* [Supplied material]
○ ○ ○

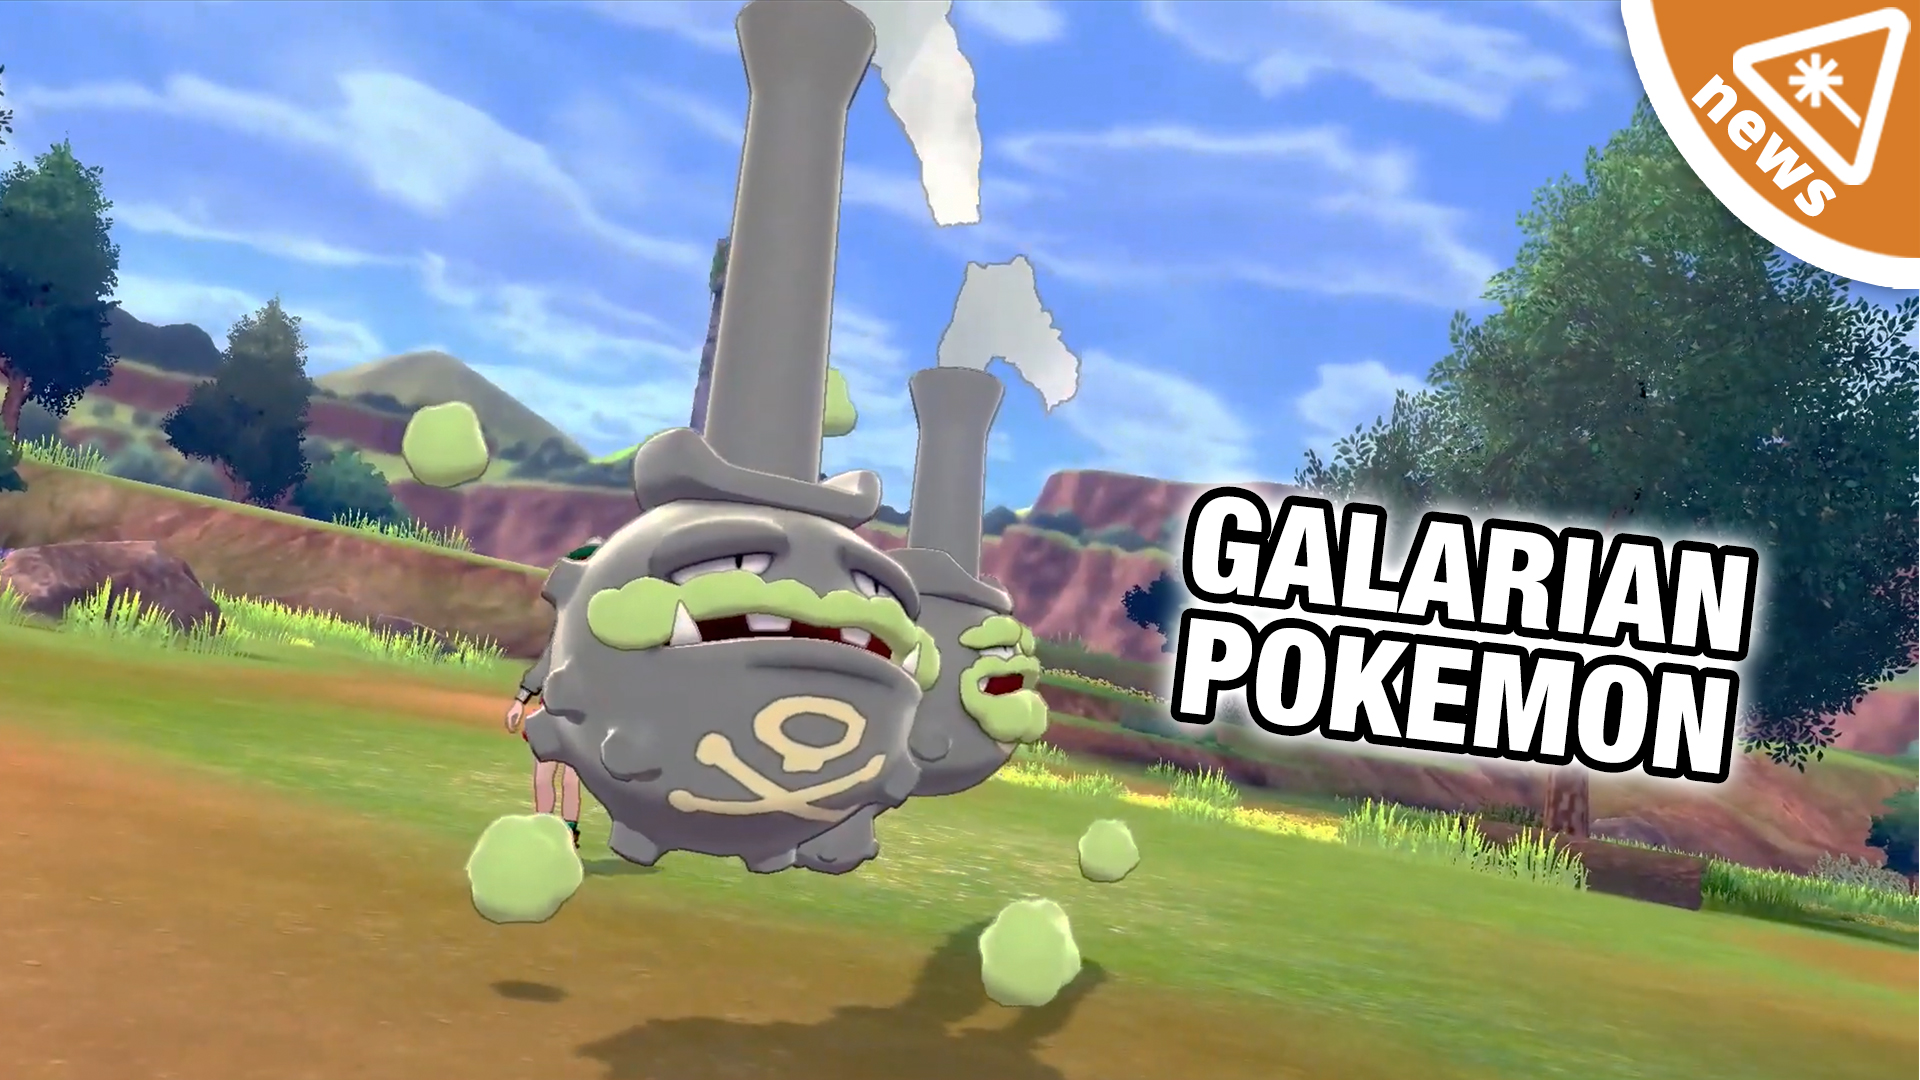 Weezing Hd Wallpapers
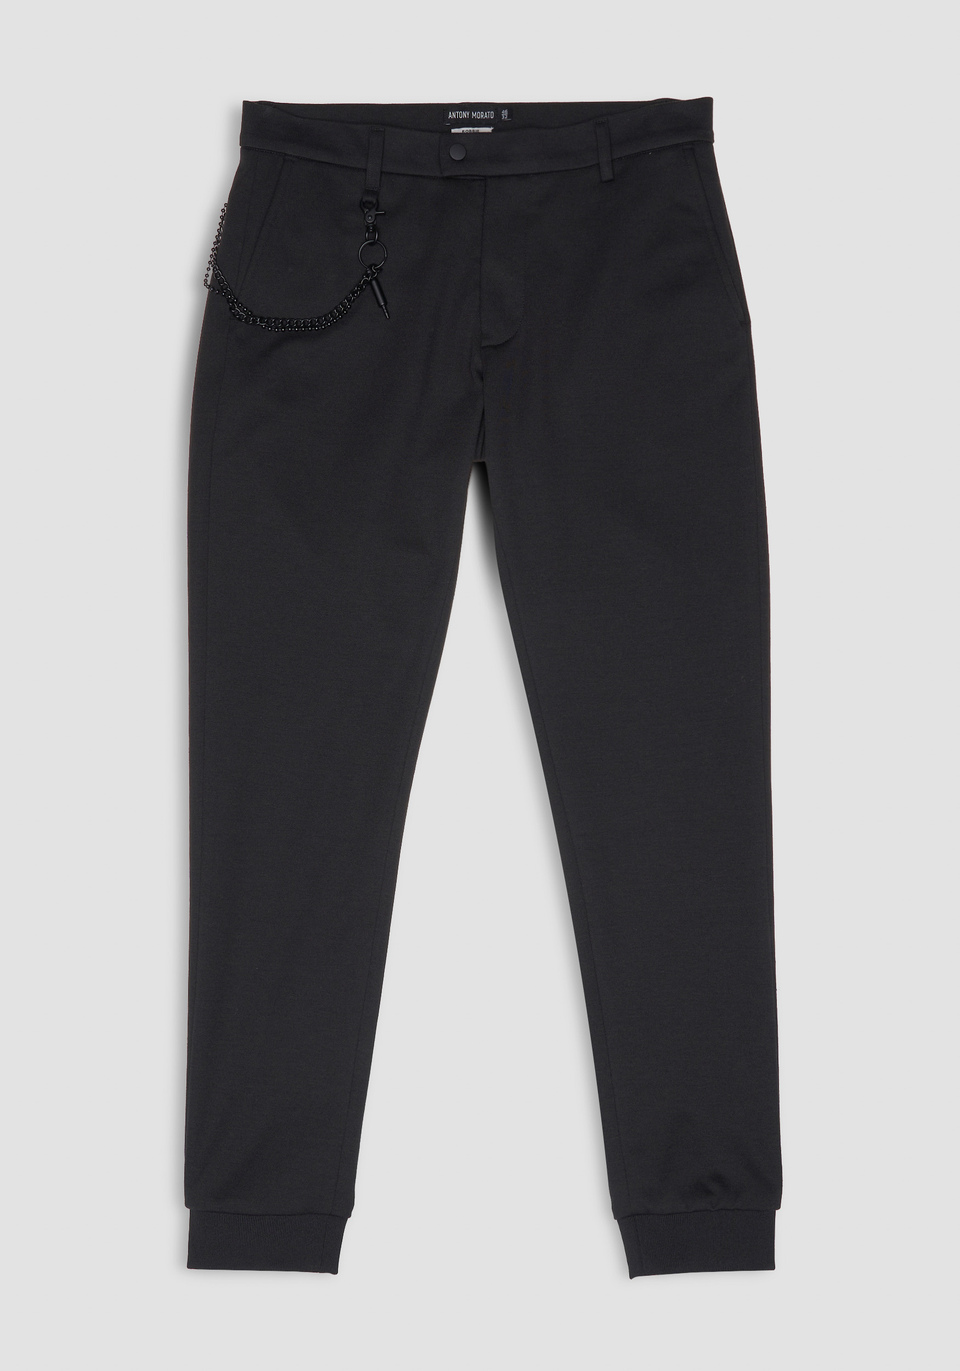 “ROBBIE” SKINNY FIT TROUSERS IN COTTON BLEND - Antony Morato Online Shop
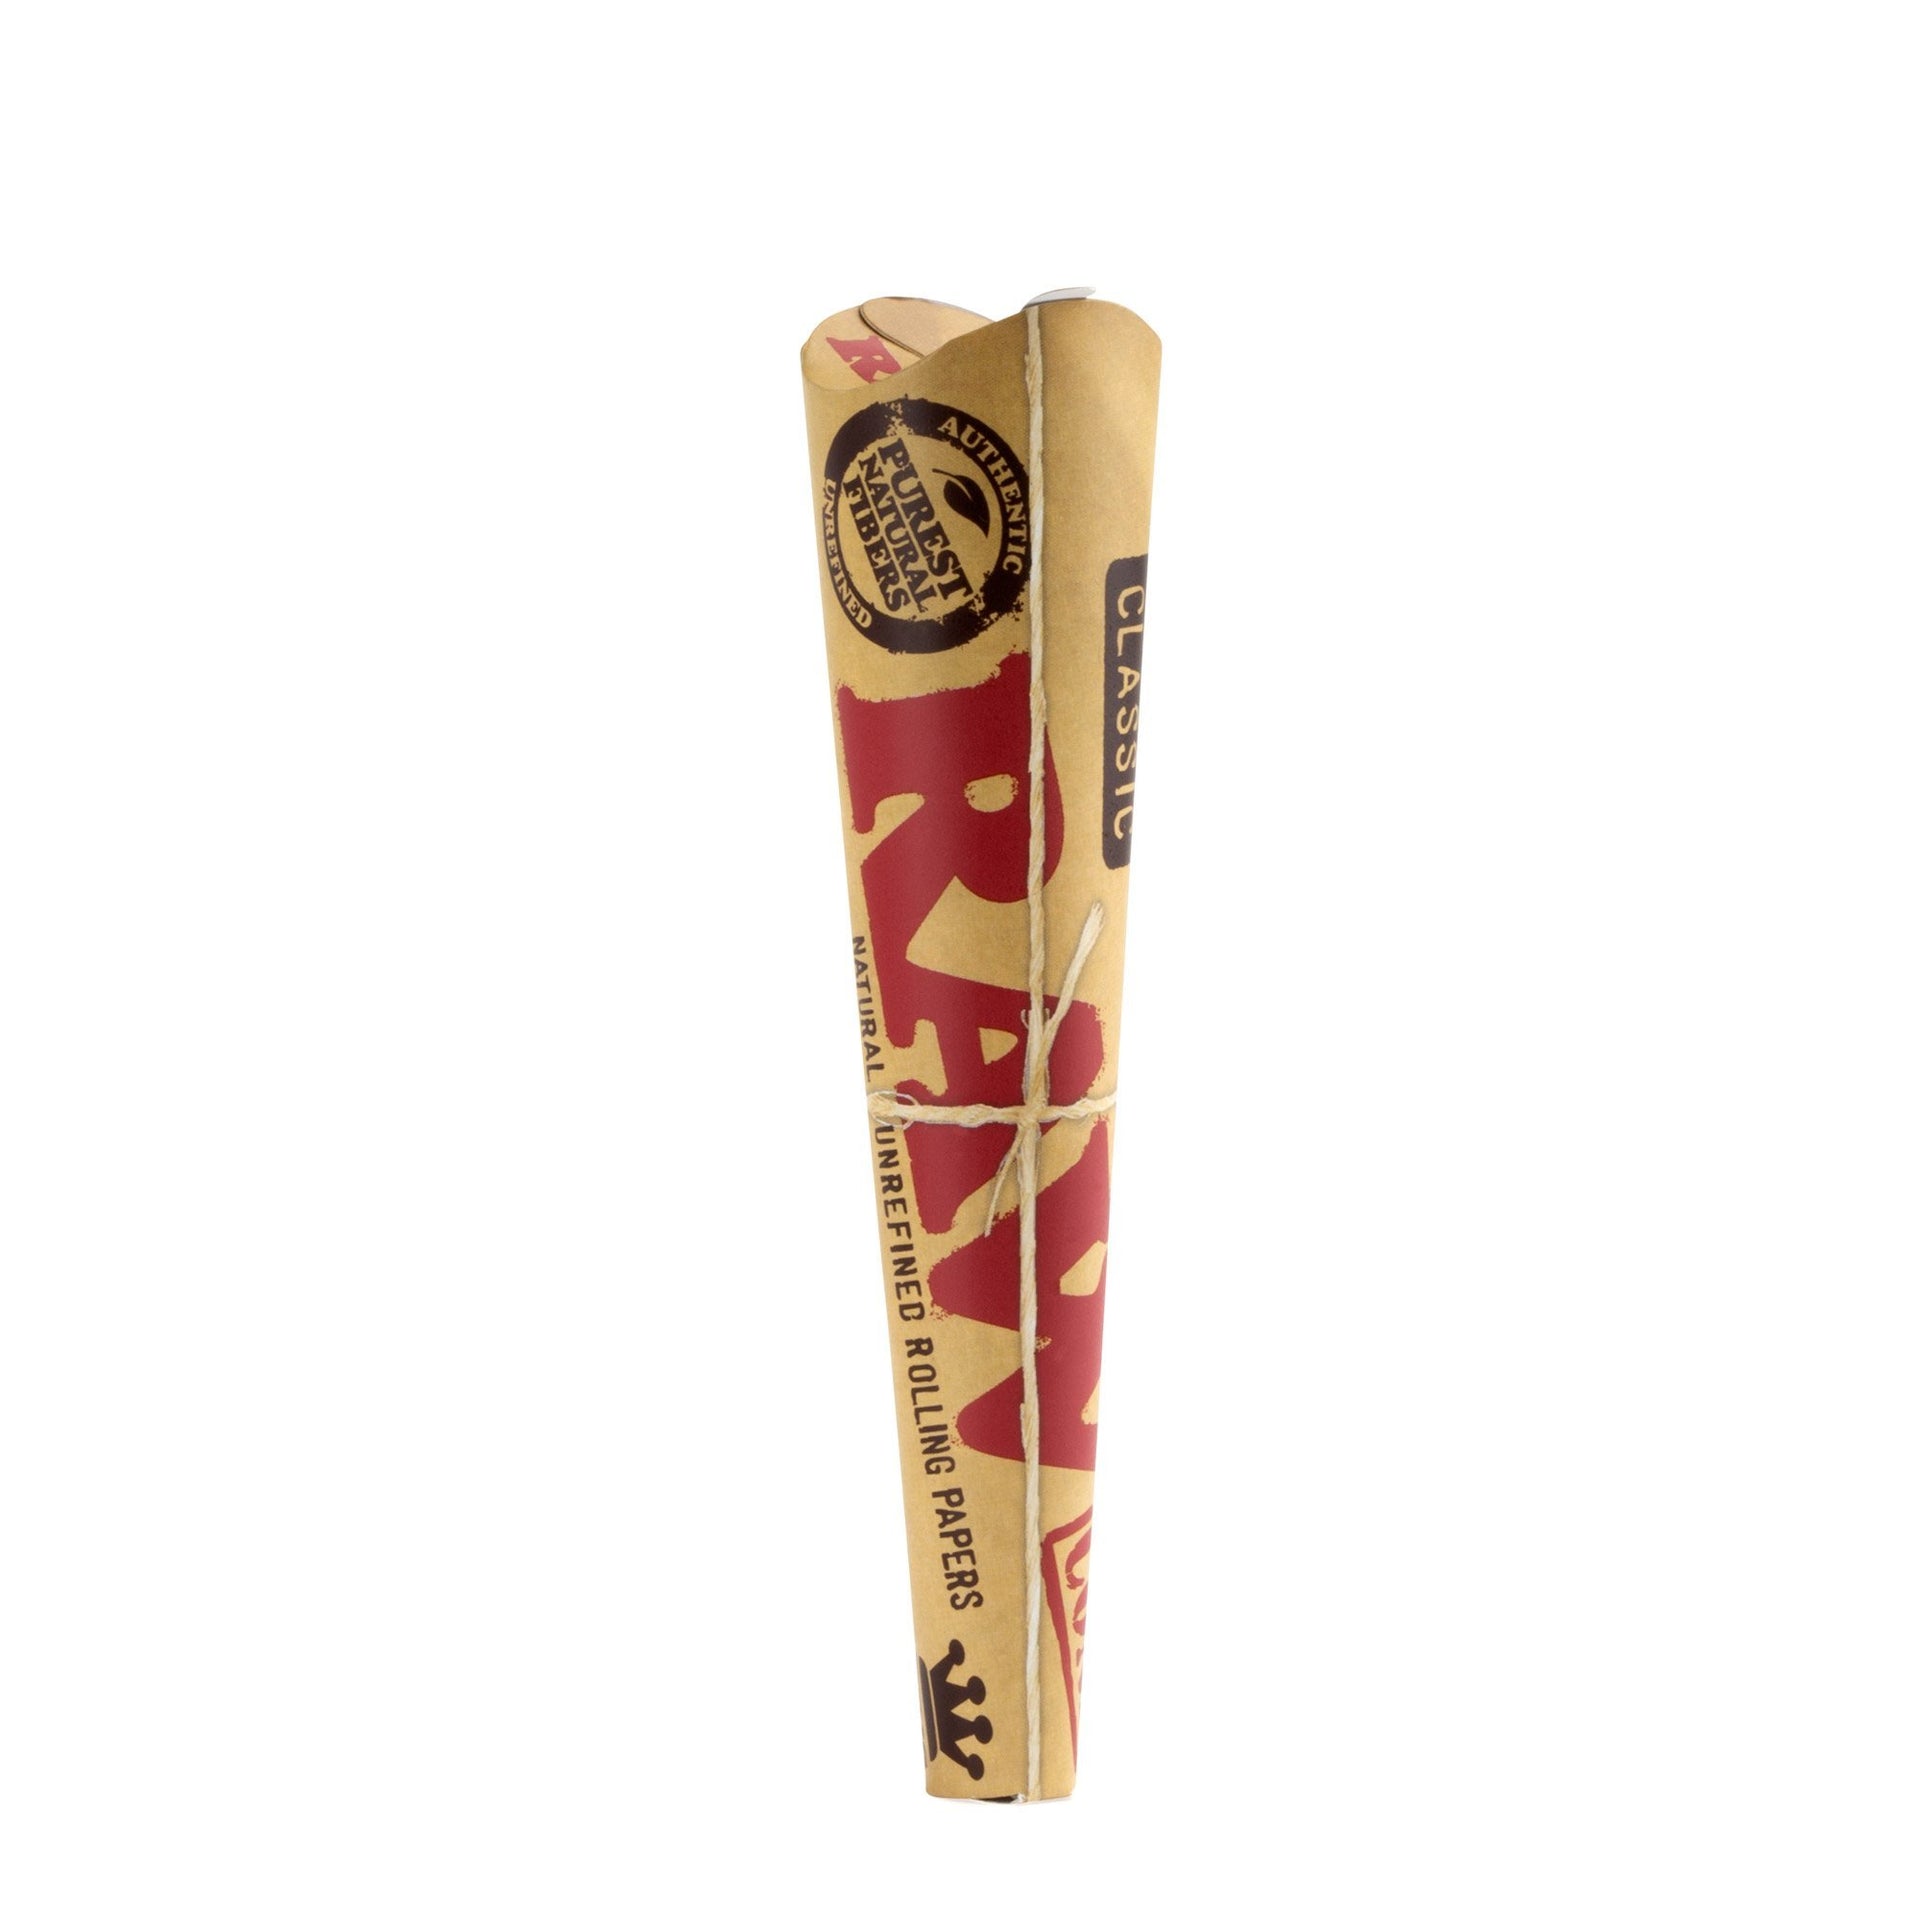 RAW King Size Pre-Rolled Cone Pack - 420 Science - The most trusted online smoke shop.

○ ○ ○

* [What needs to be done]
Each line above should be set down exactly as written, with pictures excluded.

* [Result for this task]
 Weezing Hd Wallpapers
 “ROBBIE” SKINNY FIT TROUSERS IN COTTON BLEND - Antony Morato Online Shop
 RAW King Size Pre-Rolled Cone Pack - 420 Science - The most trusted online smoke shop.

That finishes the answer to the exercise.